|M.Sc Student||Faour Zamzam|
|Subject||Identification of Metabolomic Signatures of Macrophages|
and the Implications for Atherogenesis
|Department||Department of Medicine||Supervisors||Dr. Marielle Kaplan|
|Dr. Elena Dumin|
|Full Thesis text|
Atherosclerosis is a multifactorial chronic cardiovascular disease, characterized by aggregation and accumulation of cholesterol and oxidized LDL, and proliferation of smooth muscle cells. Different cells types are involved including macrophages. Macrophages comprise a heterogeneous population, including several co-existing subtypes with diverse and even opposite roles such as M1 pro-inflammatory and M2 anti-inflammatory. These cells influence the lipid metabolism, inflammatory response and plaque stability. However, it has been recently recognized that the two states M1 and M2 are insufficient to describe the much broader complexity of stimuli and responses that characterizes the different subtypes of macrophages.
Diabetes Mellitus, which is characterized by impaired insulin homeostasis and inability to control glucose levels, increases the risk of cardiovascular diseases including atherosclerosis by enhancing the inflammatory response and the formation of macrophage foam cells.
Metabolomics technology has emerged as a powerful tool for addressing biological questions. This tool can be effective for the systemic study of endogenous chemical signature of a functional metabolic phenotype since it detects the whole metabolites, which they are the final downstream product of gene transcription. Metabolomics has the ability to investigate the cellular state and determine different activation states in response to environmental factors . This could help in investigating different diseases pathways by playing a role in screening, diagnosis and prognosis.
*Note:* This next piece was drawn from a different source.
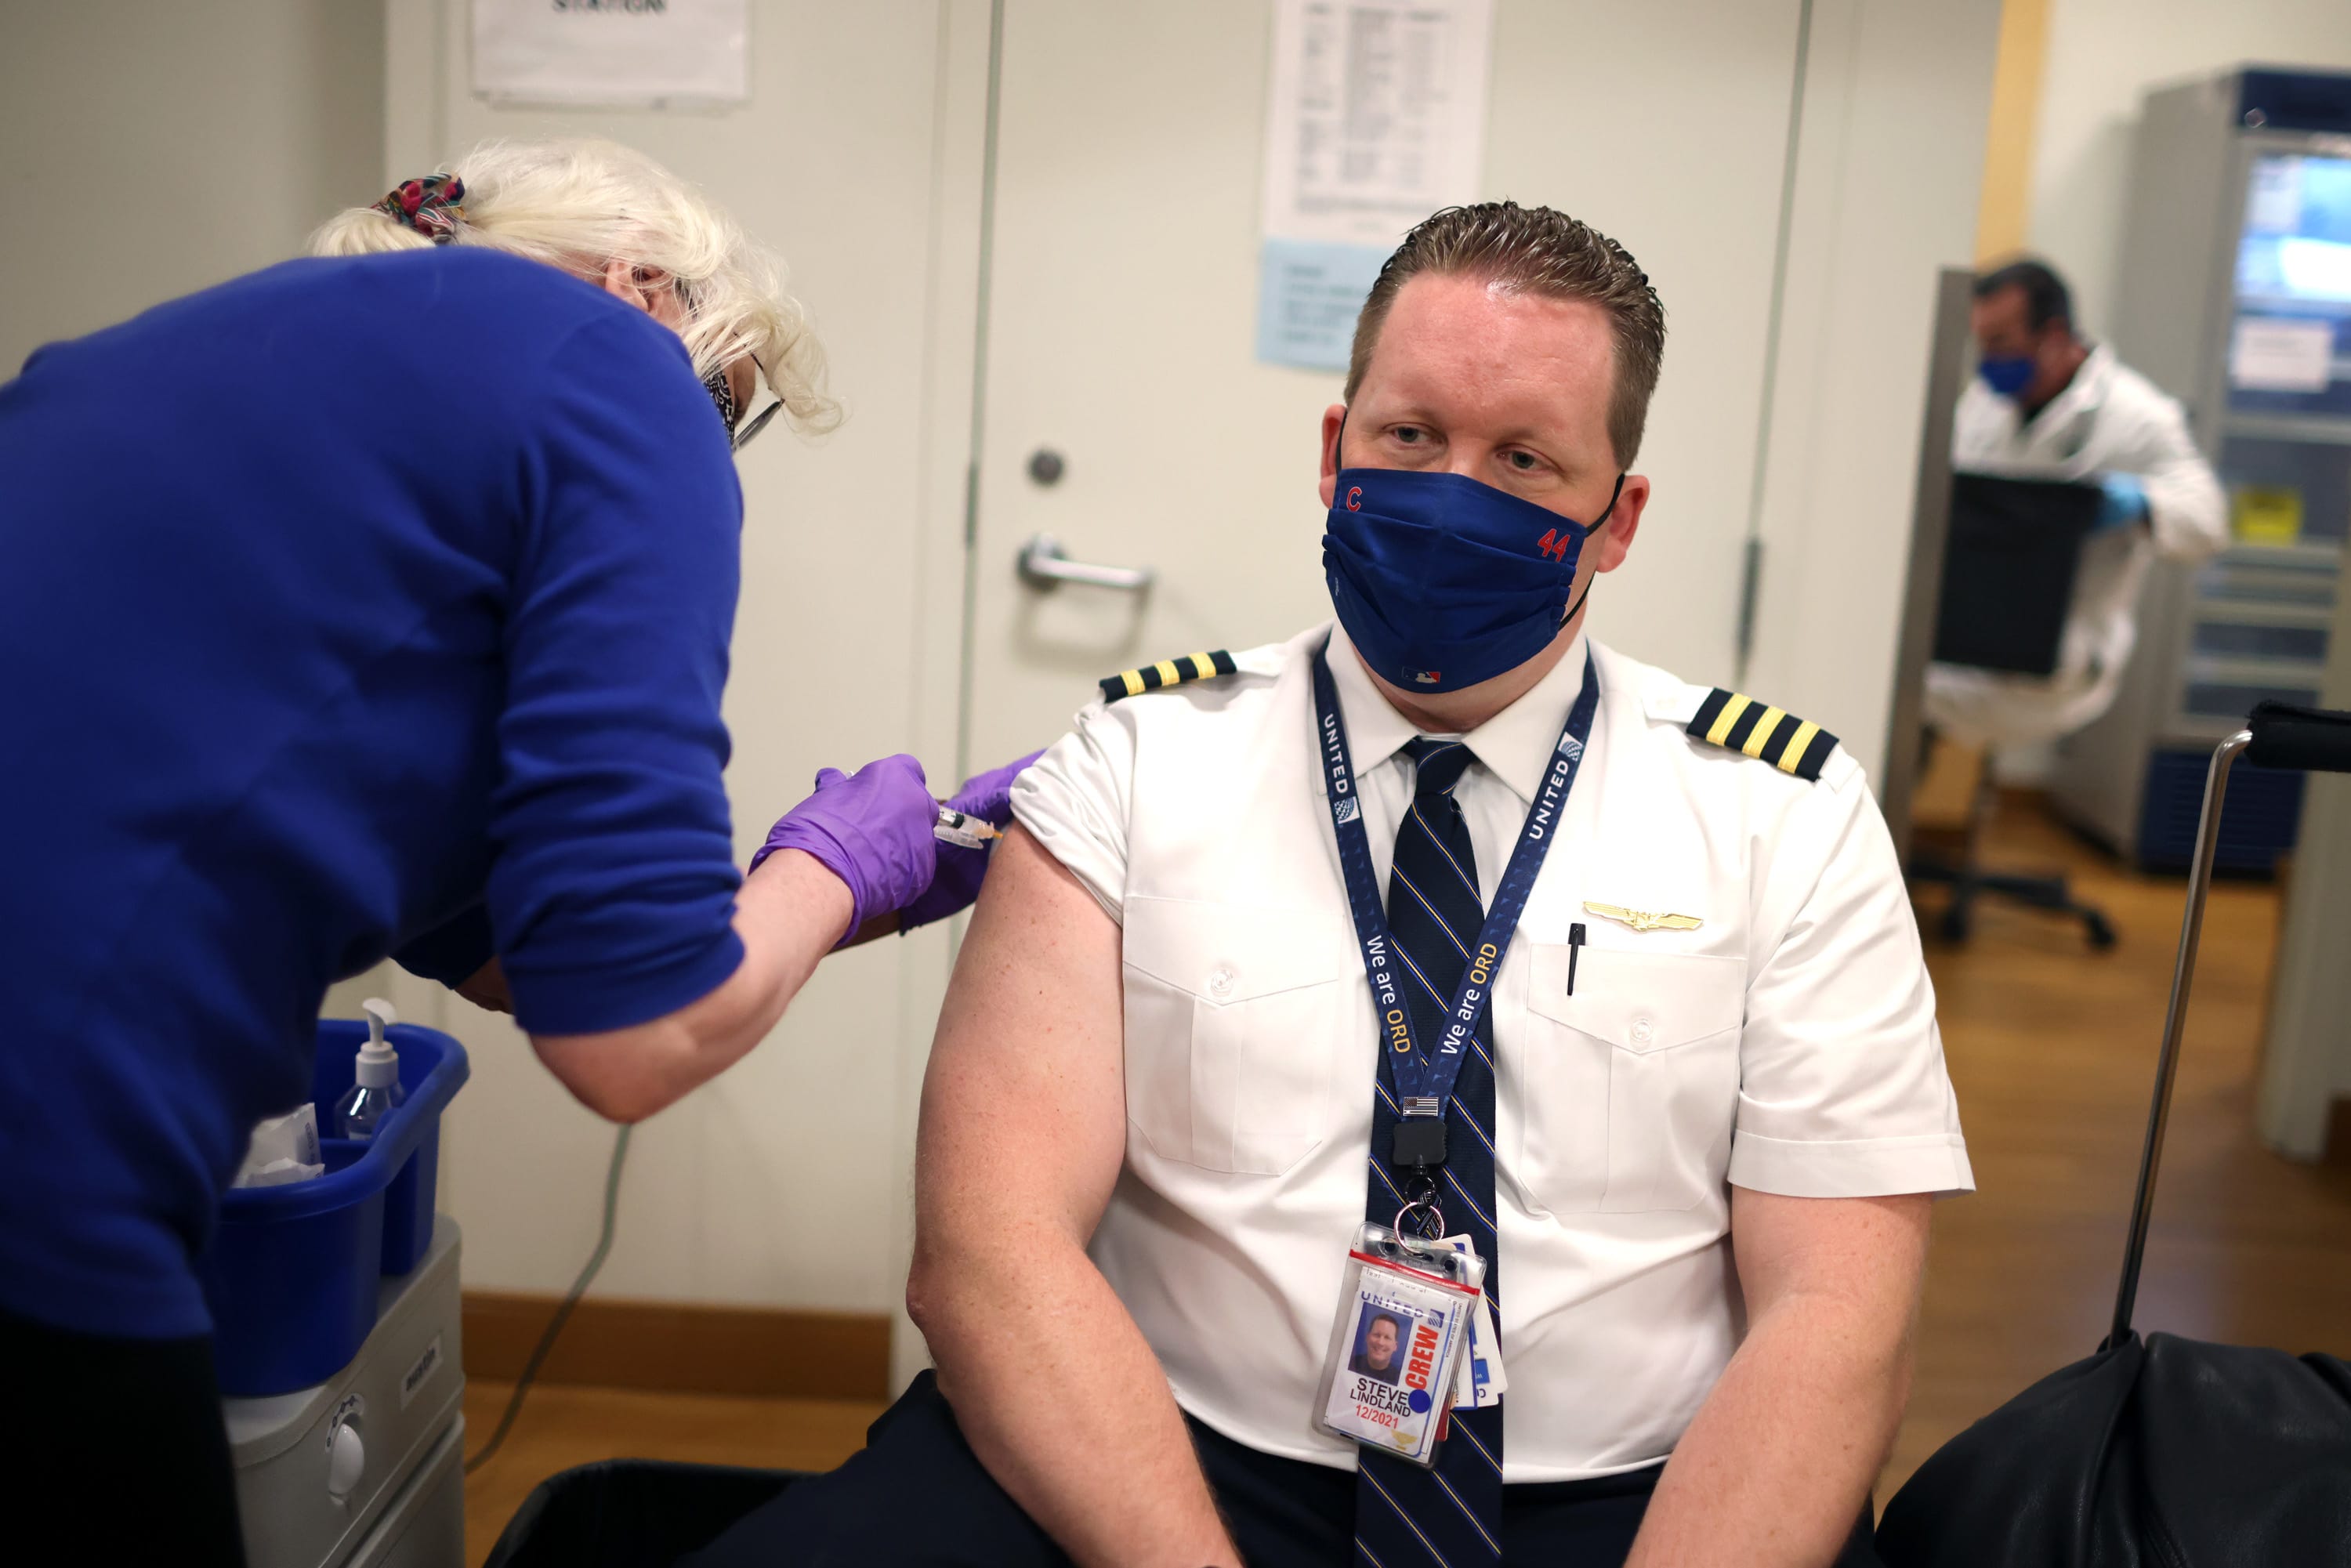 United Airlines will require its 67,000 U.S. employees to get vaccinated, a first for domestic carriers

The aim of our study was to decipher the macrophage metabolic signature in different subtypes of macrophages: M1 pro-inflammatory macrophages, M2 anti-inflammatory macrophages, and macrophages which are exposed to high level of glucose or oxidized LDL (considered as pro-atherogenic mediators for atherosclerosis).
In this study, four different methods of extraction and analysis have been developed and optimized for our investigations to determine a wide range of metabolites which differs biologically, physically and chemically. These methods were called based on the class of interest and extracted metabolites; Amino acid, organic acids, metabolomics and acylcarnitines methods.
We have used the High-performance Liquid Chromatography and Gas or Liquid Chromatography Mass Spectrometry analytical techniques to separate and detect the metabolites. Using Agilent’s Chemstation for GC-MS analysis and Clarity for HPLC analysis, metabolites peaks were identified and quantified.
From the four employed different methods. 28 metabolites exhibited high precision and their levels were compared between the different types of macrophages. Different metabolic pathways were identified as characteristic for each specific macrophages phenotypes. Aerobic glycolysis is induced upon activation of M1 macrophages which increased the levels of citric acid, while M2 macrophages obtain their energy mostly from fatty acid oxidation which require increased levels of fatty acids as myristic acid and lauric acid. Fatty Acyl-CoA biosynthesis and eNOS activation and regulation were shown to be characteristic of M1 phenotype. Moreover, transport of fatty acids, ABC-family protein mediators and SLC-mediated transmembrane transport were revealed as characteristic of M2 phenotype. Glutamic acid and inositol were seen as characteristic of M2 macrophages.
Results from this study could help us understand the diversity of metabolic pathways involved in the regulation of macrophage activation during atherogenesis. Besides, these results could lead to identifying metabolic modules which affect macrophages function.